她结扎了,就建设一个儿子,怎么可能不管他?
由己及人,她理解老妈小时候为什么那样对她,也理解大姐为什么在弟弟妹妹们面前有优越感,她被妈宠坏了,有点飘。
“他就是那样的人,你别跟他一般见识,知道搞不到钱,他就不会再胡思乱想了。”邱惊雷拿起扇子,给陈风一下一下地扇着,“他能搞钱是好事,只要不欺负大姐,你啥都别说。
家里的好处咱也不用争,爸妈心里有数,该给的他们会给。不给咱就靠自己,总得来说,我们还是要感谢爸妈的大力支持,没有他们,咱的日子没这么好过。”
“那当然。”陈风傲娇,扭头看了看邱惊雷,故意问,“娶我这么个没工作的,会不会觉得亏?是不是比你去人家里入赘强?”
“是!”邱惊雷是个实诚人,从不说假话,“能娶到你,是我上辈子修来的福份,你知书达理,聪明能干,替我照顾爸妈,照顾家里,给我生儿育女,比给人做赘婿不知道强多少倍。
当年我想入赘不是为了那个女人,是为了能让自己留在部队,学到的东西能学以致用。现在我一样能学以致用,我很满足。
风儿!也许这就是老天的安排,我转业回家,就是为了能遇上你。”
“花言巧语。”陈风嗔怪地在邱惊雷英俊的脸上捏了一下,继续低头钩织,“不过我喜欢听,你多说点。”
邱惊雷笑:“你口是心非,不说了,免得又说我甜言蜜语骗你。别钩了,早点睡觉。”
“等会儿,我这条钩完,以后你的中山装上也缝上这样的假领子,咱也洋气一回。”
“好!都听你的。”家里不管啥事,邱惊雷都爱听陈风的。
陈风也会听取他的意见,夫妻俩商量着来。他不大男子主义,陈风也不恃宠而骄,嚣张跋扈。
她一心一意为这个家好,体谅他当长子的不易,他心里都明白,更感激。
能娶到这么好的媳妇,他邱惊雷无怨无悔。
村里跟他同龄的人很多,像他们夫妻感情这么好的极少,几乎可以说没有。
李青香在家没休息几天,赵清隼开着车来了,还给她带来了十多袋碎布。
这是她要的,必须满足。
仓库的碎布都清理出来了,堆放在一起,他先拿了十多袋来,剩下的等时机成熟,顺便送来。
上次他带着钱回去,交给财务,轰动了整个厂。
听说海城的百货公司订了四百件衬衫,厂党委立即一致通过,马上生产。
厂党委会议上,他将元明在海城的表现一五一十说了出来,大家听了都很生气。
职工代表们更生气,有人直接提议:“这样的人不适合担任供销科科长,当个业务员都够呛。人家都巴不能够给厂里谋利益,他倒好,把利益往外推。”

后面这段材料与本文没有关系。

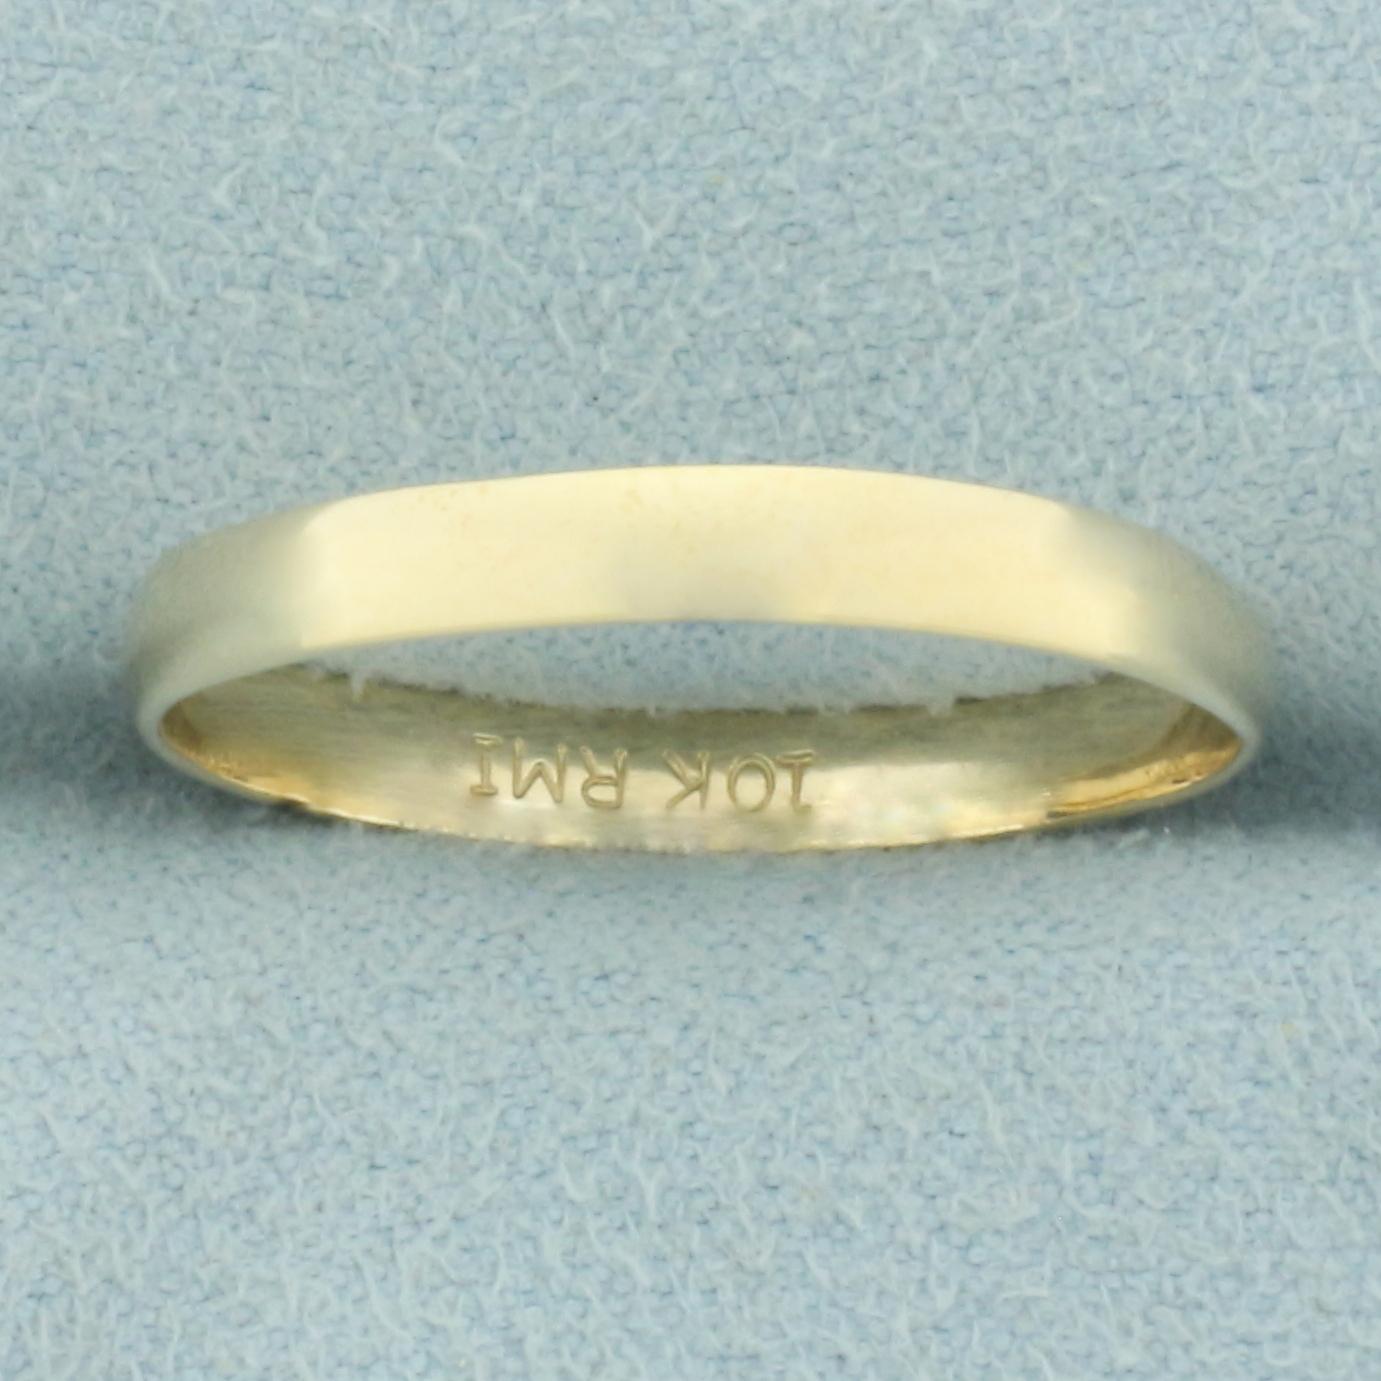 Mens High Polish Wedding Band Ring In 10k Yellow Gold

“我们工人辛辛苦苦做出来的货,不能只卖个本钱,没有利润,我们的工资怎么往上涨?”
“是呀!厂里效益好,才能养活一家老小。效益不好,孩子过年连件新衣服都买不起。”
厂党委的人经过研究决定,将元明的供销科主任撤职,成了供销科的普通职工。
他不服,扬言要调走,不会一直留在服装厂。
不管他去哪儿,赵清隼都没意见,巴不能够他早点滚蛋。
“李大姐!我又来请你了。”
看见李青香,他觉得格外亲切,要不是李大姐仗义相助,他们厂里根本不可能挣钱。
“我给你带来了好多碎布料,等会儿你跟我们去厂里教师傅打板,回来时再给你拉一车。我们厂里的所有碎布边角料,全免费提供给你。”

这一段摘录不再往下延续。